» **YOUR OBJECTIVE**
Although the entries contain pictures, copy only their text, exactly as written.

» **GIVEN RECORDS**
>>>>

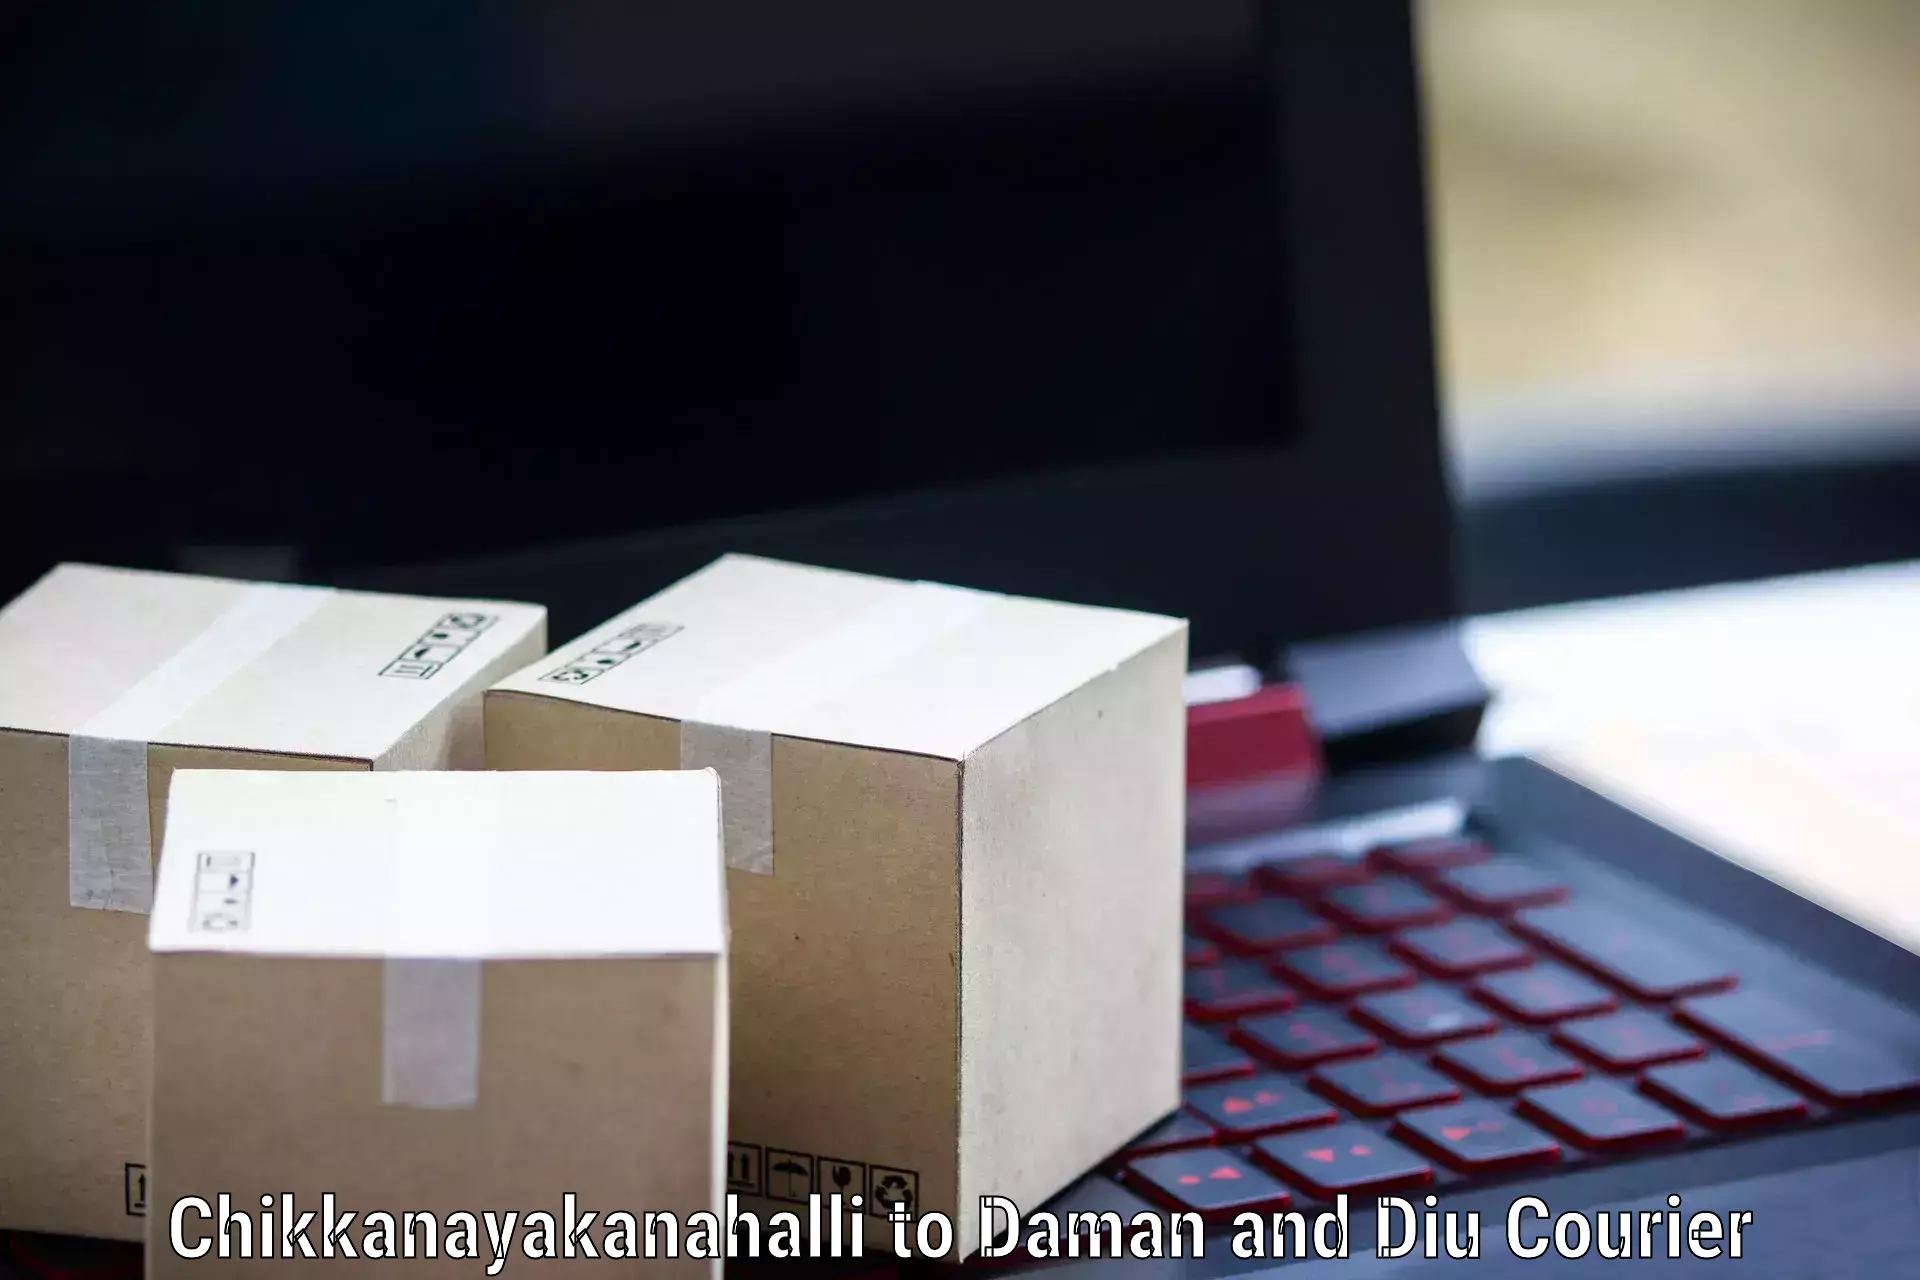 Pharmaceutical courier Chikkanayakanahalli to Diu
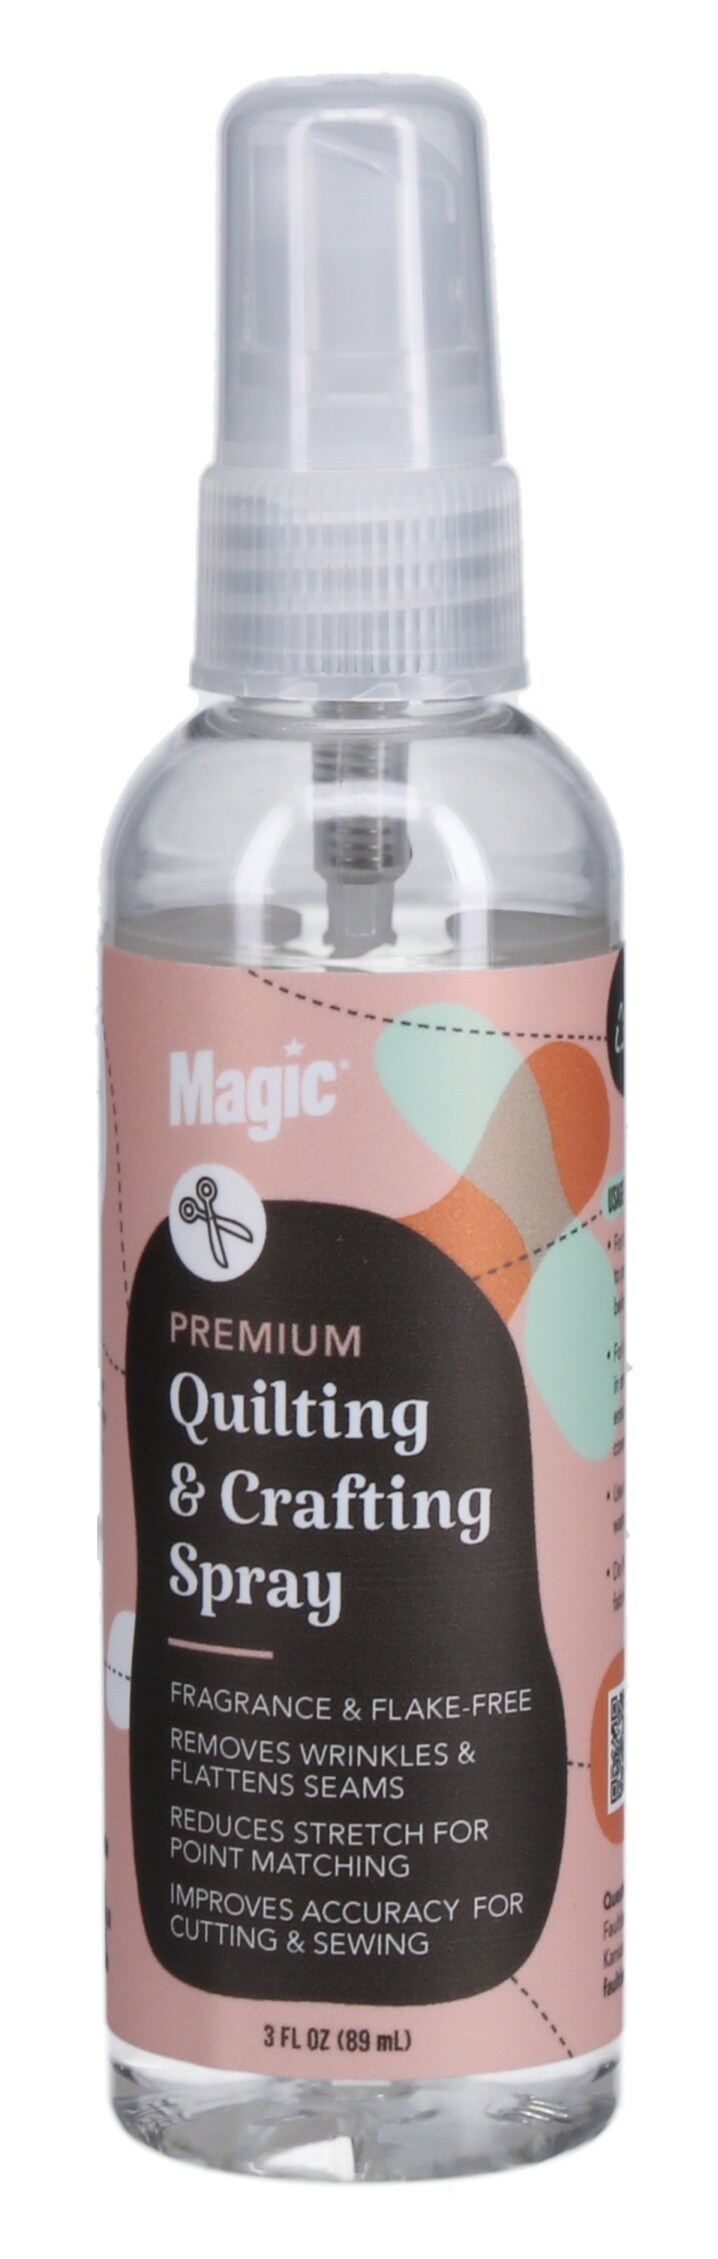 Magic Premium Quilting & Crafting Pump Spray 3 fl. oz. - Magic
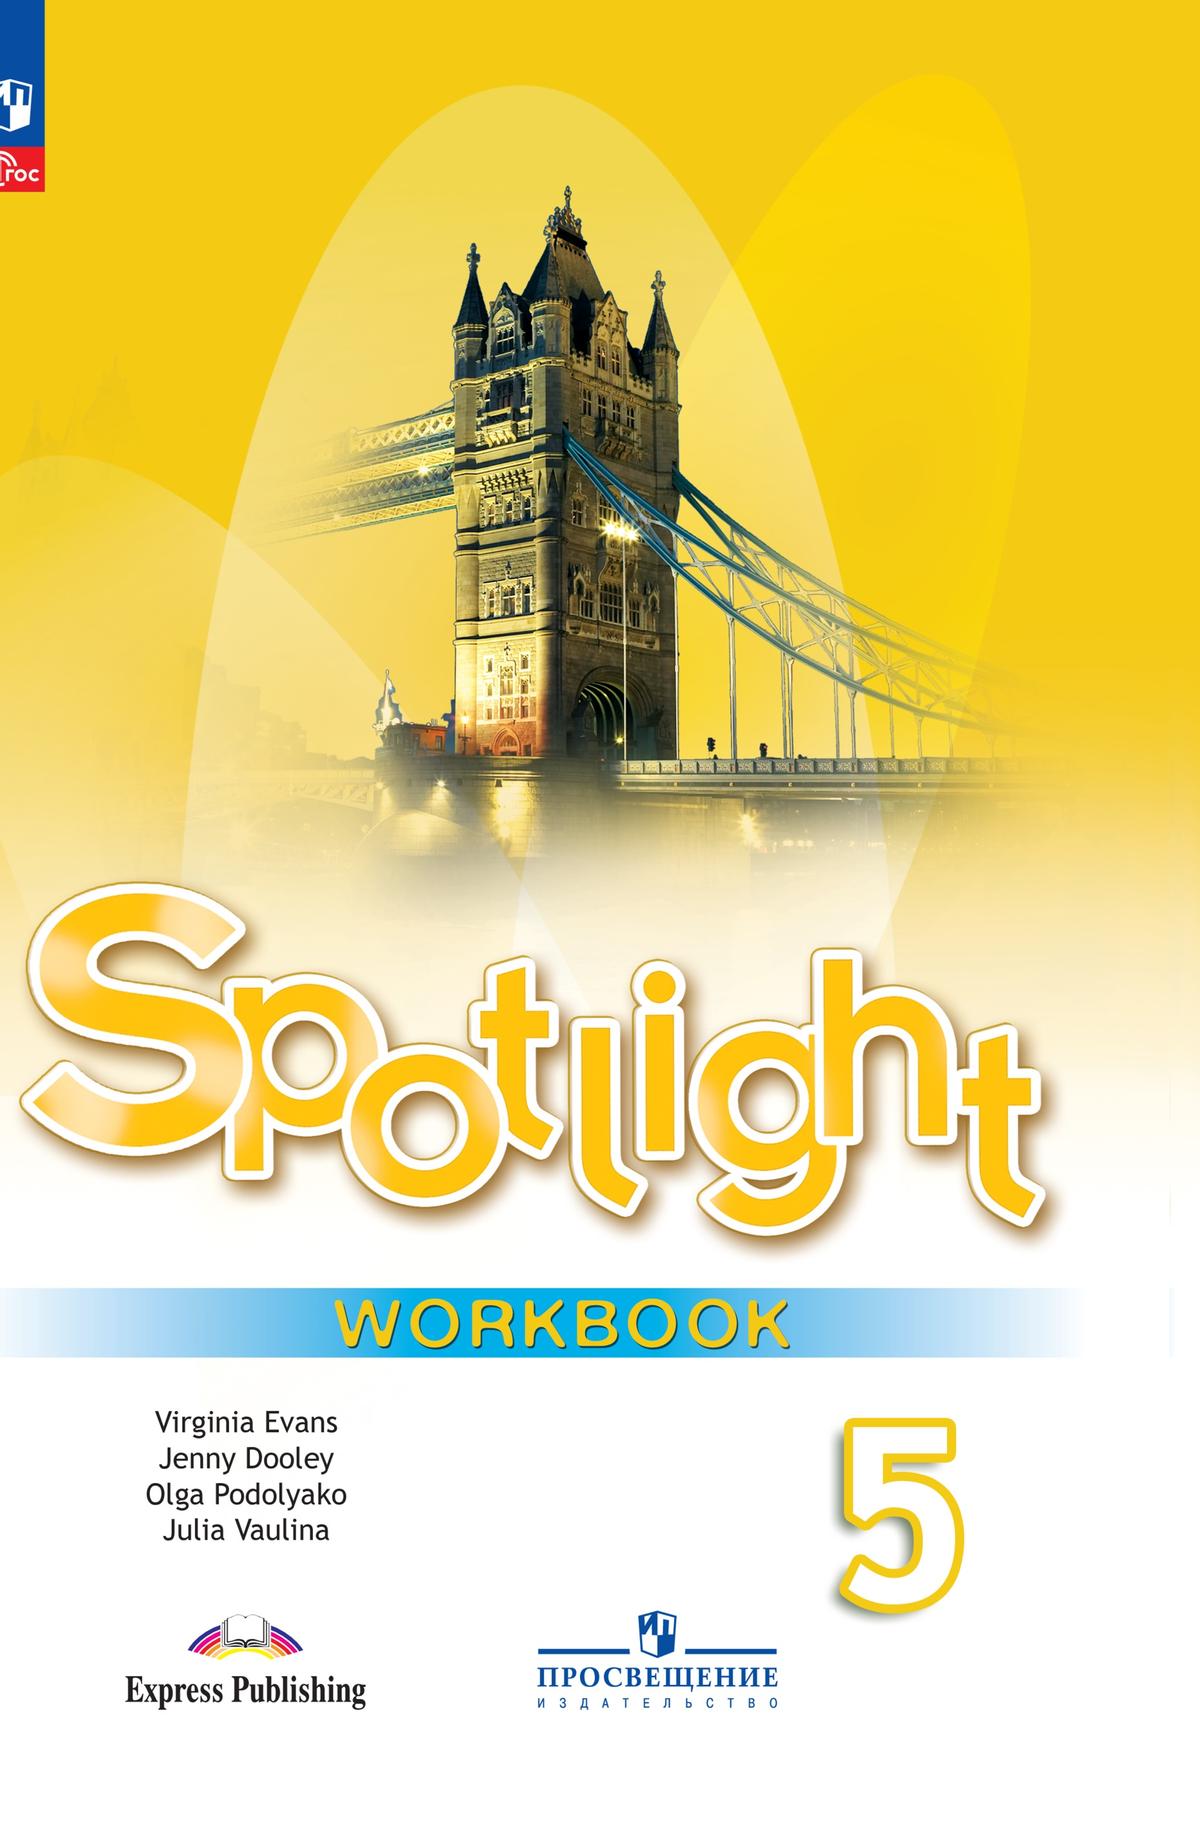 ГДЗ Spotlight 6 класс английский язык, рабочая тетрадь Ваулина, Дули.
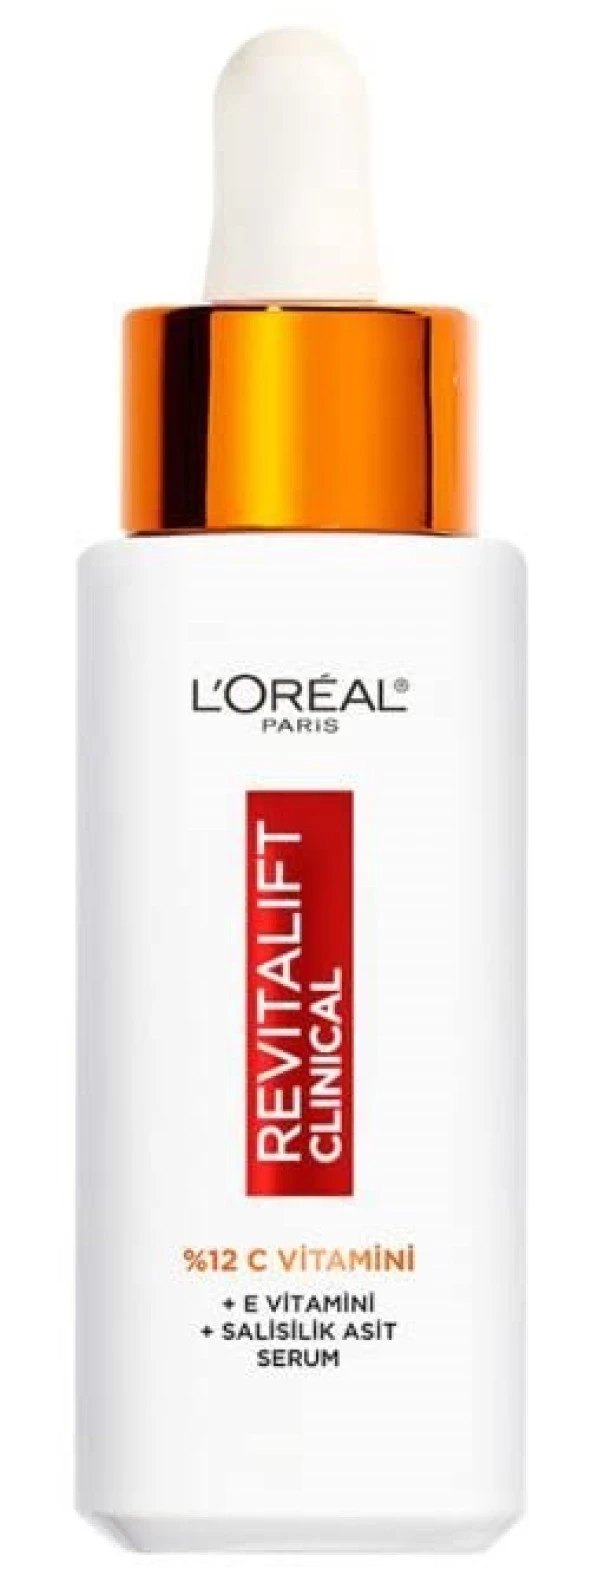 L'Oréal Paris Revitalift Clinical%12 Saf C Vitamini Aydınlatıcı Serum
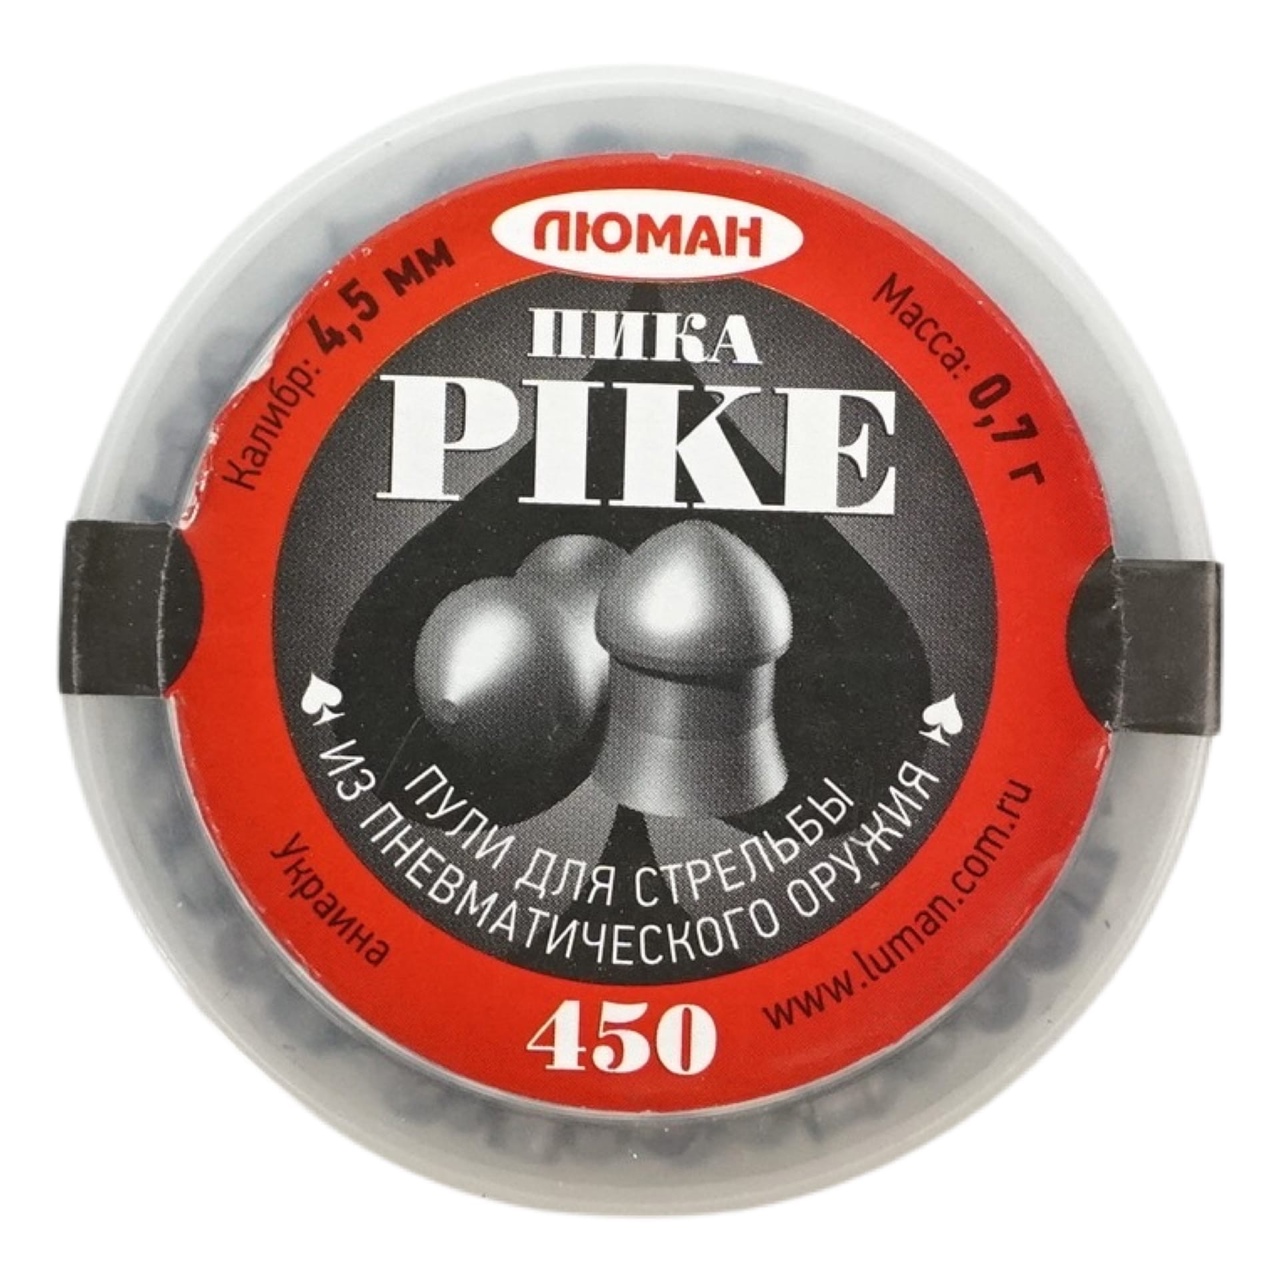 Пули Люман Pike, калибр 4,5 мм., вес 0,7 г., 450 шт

<<<<

» **RESULT FOR THIS TASK**
 Pharmaceutical courier Chikkanayakanahalli to Diu
 Magic Premium Quilting & Crafting Pump Spray 3 fl. oz. - Magic
 ГДЗ Spotlight 6 класс английский язык, рабочая тетрадь Ваулина, Дули.
 L'Oréal Paris Revitalift Clinical%12 Saf C Vitamini Aydınlatıcı Serum
 Пули Люман Pike, калибр 4,5 мм., вес 0,7 г., 450 шт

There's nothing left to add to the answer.